[Given entries Boundary: Start]

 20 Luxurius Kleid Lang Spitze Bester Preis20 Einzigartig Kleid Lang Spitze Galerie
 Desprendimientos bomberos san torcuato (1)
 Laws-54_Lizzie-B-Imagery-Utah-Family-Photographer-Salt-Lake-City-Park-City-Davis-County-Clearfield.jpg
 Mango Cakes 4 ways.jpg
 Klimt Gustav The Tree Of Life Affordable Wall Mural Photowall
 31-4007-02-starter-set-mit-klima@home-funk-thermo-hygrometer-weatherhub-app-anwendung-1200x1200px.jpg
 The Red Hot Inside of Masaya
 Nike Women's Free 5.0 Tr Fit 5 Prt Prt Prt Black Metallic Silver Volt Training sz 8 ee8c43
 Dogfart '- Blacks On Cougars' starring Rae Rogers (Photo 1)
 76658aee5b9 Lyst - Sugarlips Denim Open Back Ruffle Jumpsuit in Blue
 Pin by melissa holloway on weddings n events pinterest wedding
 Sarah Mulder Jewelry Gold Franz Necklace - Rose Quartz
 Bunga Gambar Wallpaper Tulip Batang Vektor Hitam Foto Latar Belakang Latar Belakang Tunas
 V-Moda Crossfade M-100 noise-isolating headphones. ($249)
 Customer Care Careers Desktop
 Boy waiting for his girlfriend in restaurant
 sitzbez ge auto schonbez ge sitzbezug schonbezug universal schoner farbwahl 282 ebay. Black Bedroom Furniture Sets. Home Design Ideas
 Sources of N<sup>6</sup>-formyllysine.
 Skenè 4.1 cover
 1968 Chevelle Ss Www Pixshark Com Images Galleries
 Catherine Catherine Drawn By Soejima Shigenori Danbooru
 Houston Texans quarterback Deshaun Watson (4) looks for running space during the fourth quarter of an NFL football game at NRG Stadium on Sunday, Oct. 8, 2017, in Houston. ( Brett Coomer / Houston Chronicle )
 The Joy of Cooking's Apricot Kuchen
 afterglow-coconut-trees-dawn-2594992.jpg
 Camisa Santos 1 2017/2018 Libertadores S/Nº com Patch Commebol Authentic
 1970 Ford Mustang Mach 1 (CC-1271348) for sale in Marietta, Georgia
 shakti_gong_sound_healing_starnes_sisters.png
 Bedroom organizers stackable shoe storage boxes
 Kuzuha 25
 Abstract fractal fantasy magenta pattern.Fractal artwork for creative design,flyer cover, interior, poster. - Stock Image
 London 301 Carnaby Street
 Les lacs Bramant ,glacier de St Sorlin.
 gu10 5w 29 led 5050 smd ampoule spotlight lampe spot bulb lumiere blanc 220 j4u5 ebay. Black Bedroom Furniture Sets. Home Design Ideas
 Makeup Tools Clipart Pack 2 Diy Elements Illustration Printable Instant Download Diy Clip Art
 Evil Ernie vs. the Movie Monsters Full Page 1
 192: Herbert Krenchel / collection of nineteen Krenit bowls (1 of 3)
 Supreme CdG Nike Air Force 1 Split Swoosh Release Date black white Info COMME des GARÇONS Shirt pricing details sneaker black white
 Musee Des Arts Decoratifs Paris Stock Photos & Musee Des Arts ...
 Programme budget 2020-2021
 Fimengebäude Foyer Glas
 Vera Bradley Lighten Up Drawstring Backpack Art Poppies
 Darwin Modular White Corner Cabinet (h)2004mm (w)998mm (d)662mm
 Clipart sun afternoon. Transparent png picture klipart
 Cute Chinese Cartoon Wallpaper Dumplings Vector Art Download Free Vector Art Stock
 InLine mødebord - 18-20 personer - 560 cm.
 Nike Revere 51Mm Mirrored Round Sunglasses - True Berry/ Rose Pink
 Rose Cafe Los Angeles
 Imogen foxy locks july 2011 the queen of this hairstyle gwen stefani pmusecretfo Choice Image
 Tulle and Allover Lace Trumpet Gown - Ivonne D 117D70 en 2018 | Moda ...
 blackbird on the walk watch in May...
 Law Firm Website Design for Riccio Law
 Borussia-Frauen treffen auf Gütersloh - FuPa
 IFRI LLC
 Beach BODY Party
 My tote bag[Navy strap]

[Given entries Boundary: End]

Exact copies of the lines from the one containing "Nike Revere 51Mm" through the final line of the records are all the answer should hold.

 Nike Revere 51Mm Mirrored Round Sunglasses - True Berry/ Rose Pink
 Rose Cafe Los Angeles
 Imogen foxy locks july 2011 the queen of this hairstyle gwen stefani pmusecretfo Choice Image
 Tulle and Allover Lace Trumpet Gown - Ivonne D 117D70 en 2018 | Moda ...
 blackbird on the walk watch in May...
 Law Firm Website Design for Riccio Law
 Borussia-Frauen treffen auf Gütersloh - FuPa
 IFRI LLC
 Beach BODY Party
 My tote bag[Navy strap]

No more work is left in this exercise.